Después se hará el silencio una vez más,
como si nunca hubiese dicho nada.
Y sabré esperar de nuevo,
soportaré la idea de que toda palabra
bien pudiera ser la última.
Siento nostalgia de momentos antiguos.
La impotencia de escribir, en aquel tiempo,
era capaz de herirme.
Hoy ya sé que a las citas se acude
para poder librarnos de las citas.
Ignoro si soy dichoso o desdichado.
El caso es que mañana escribiré.
Pluscuamperfecto De Futuro
pensaré que mi sueño de la noche
no ha sido sólo un sueño
y que lo que me aguarda no es la huraña
mañana de mañana.
Acogeré mi cuerpo esperanzado,
como un feliz presagio inmerecido,
y si hay un cuerpo al lado,
será maravilloso descubrirlo,
saber que las monedas que he pagado
(y las monedas con que me ha comprado)
han sido las monedas del amor,
que pagamos con gusto y por el gusto,
locos de amor los dos.
Y amar, esa mañana, extrañamente,
será la redención de nuestros actos
pasados y futuros,
y el hecho del amor, en su presente,
será como la historia sin la historia,
un cuento que contamos con los cuerpos
y que tiene sentido,
lleno de ruido y furia compartidos.
Y si despierto solo,
despertaré contento de estar solo,
por la simple razón de estar conmigo,
que soy el viejo amigo
de algunos buenos ratos que he vivido.
Se inundará la casa con el sol,
y si no hay sol se inundará de gris,
un gris reconfortante, de París,
que es la ciudad que tiene un gris más sol.
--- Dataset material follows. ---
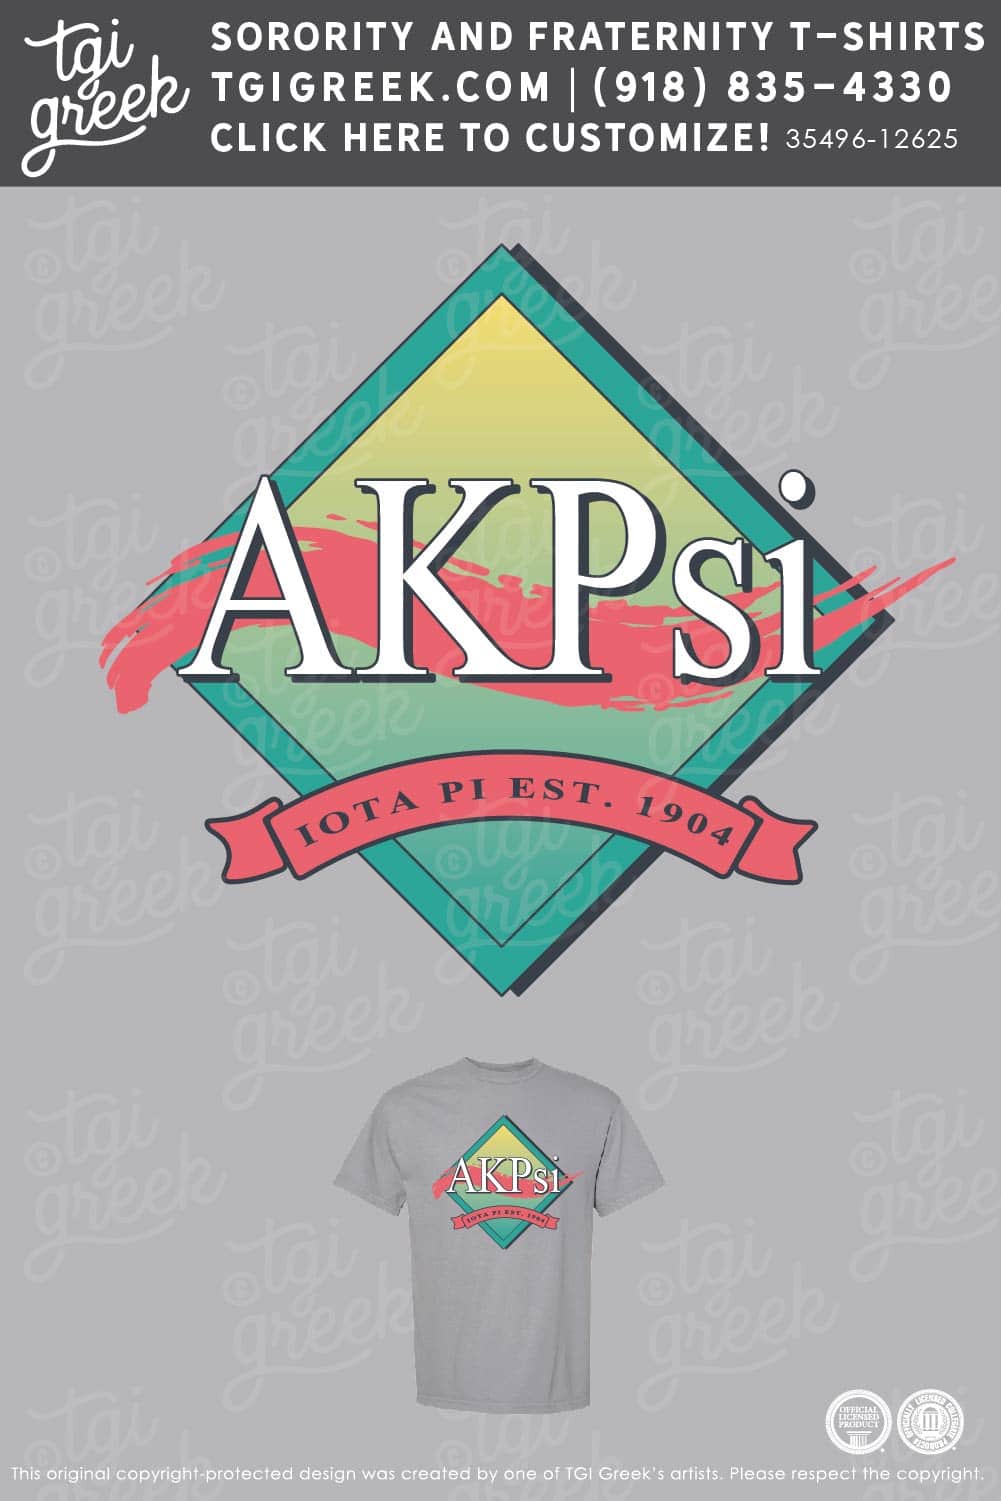 Alpha Kappa Psi Officially Licensed Merchandise

Haré mis abluciones matinales
y haré la colación,
y respecto al milagro
de que los alimentos alimenten
haré una reflexión
profunda, sorprendente, que alimente
las estancias del alma y que dé calma
a un alma que ama la contemplación.
Para el resto del día tendré planes
y hasta tendré esperanzas,
que ya es tener bastante un mismo día,
y en un claro derroche de energía
tendré la convicción de que los planes
y hasta las esperanzas
no son la más completa tontería.
Naceré a mi ciudad,
como si fuese la primera vez
que nazco y que la veo,
contento de nacer y de fundar,
igual que un gran viajero, mi ciudad,
quizá un lugar tranquilo junto al mar,
donde esperar consiste en encontrar
una buena razón para esperar
el paso de los días.
Ya la ciudadanía,
que, comúnmente, es una porquería,
una viciosa tropa indiferente,
habré de comprenderla, y, comprendiéndola,
comprenderé toda su indiferencia,
su desprecio, porque tendré conciencia
de que quien más quien menos (y me incluyo)
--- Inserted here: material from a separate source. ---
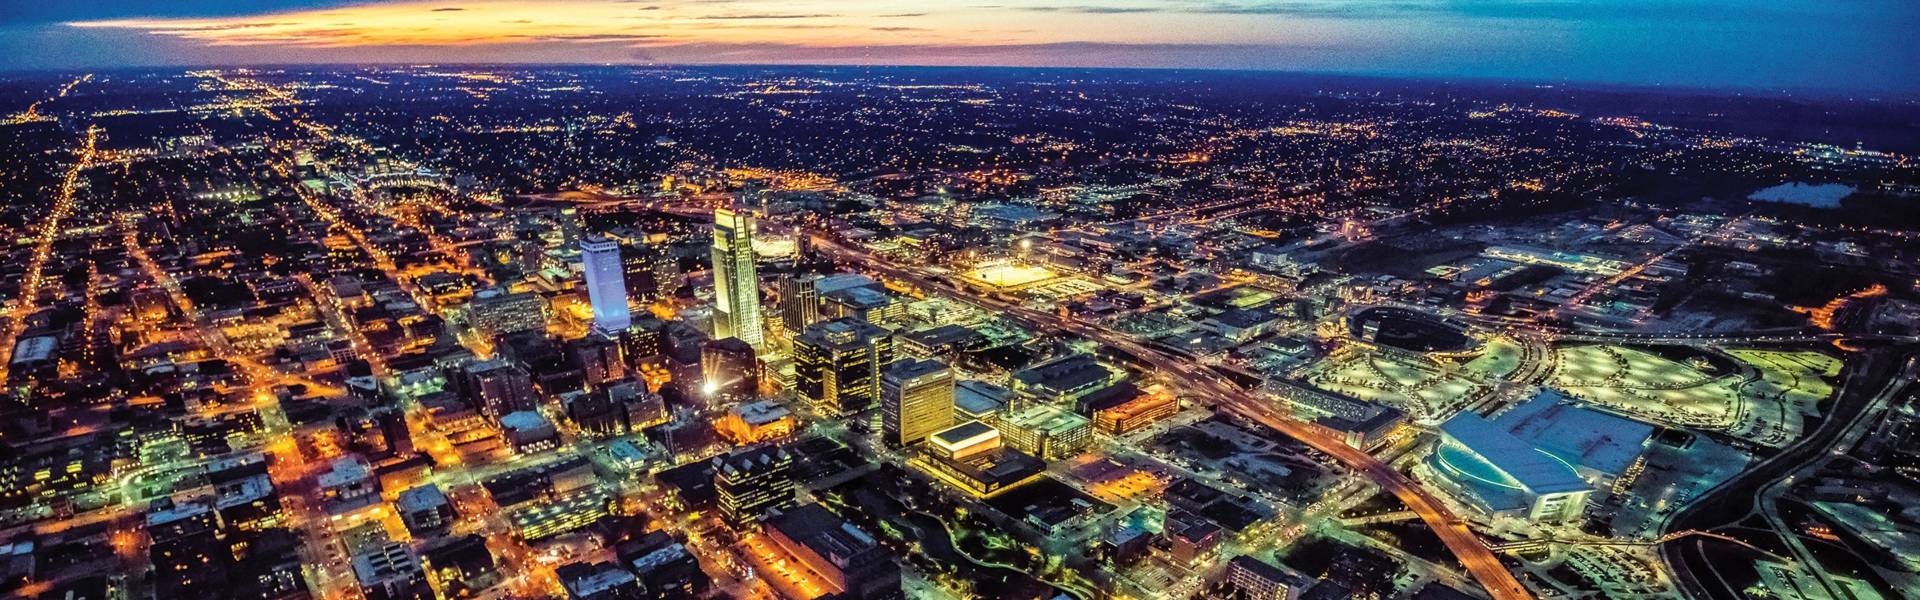 Aerial view of Omaha provided by Visit Omaha

tiene una innoble historia que contar,
lo cual, si no inocentes,
nos vuelve dignos de algo de piedad.
Seré un huésped del tiempo, un invitado
que aspira a estar contento y al cuidado
de las horas, hasta lograr que el tiempo
sea por fin mi líquido elemento,
y no un andén desierto en que aguardar
trenes de paso hacia ningún lugar,
cansado, el pensamiento, de sentir,
y de pensar, cansado el sentimiento.
Toda la peor vida de la vida,
que a veces es la única que ocurre,
le habrá ocurrido a un yo que no conozco,
un yo que a fuerza de desconocido
convierte en no vivido lo vivido,
y el yo que reconozco, el que comparte
la vida preferida
(ésa que ha estado siempre en otra parte)
sera mi yo más mío.
Y la vida que venga será fácil,
o lo parecerá (que más me da)
será la dulce vida,
y por dulzura y por facilidad
será una eternidad mientras me dura,
aunque sólo me dure un día más.
Por eso, más que un día,
mi día de mañana es el proyecto
de un tiempo por llegar:
es el pluscuamperfecto de futuro.
Ya sólo hay que aprenderlo a conjugar.
El Último De La Fiesta
Helada y sucia ya se anuncia el alba
con su oscuro cortejo de presagios.
Tendrías que acostarte, huir de este lugar
antes de que la luz te restituya
esa imagen de ti que ya conoces,
indefensa a tus ojos, lastimosa.
Has tocado por hoy el fondo de tu noche:
las ropas no guardan la corrección de unas horas atrás
y tu lengua está torpe,
has empezado a hurgar en la memoria
y ya no hay quien te fíe.
lo más sensato ahora sería retirarse.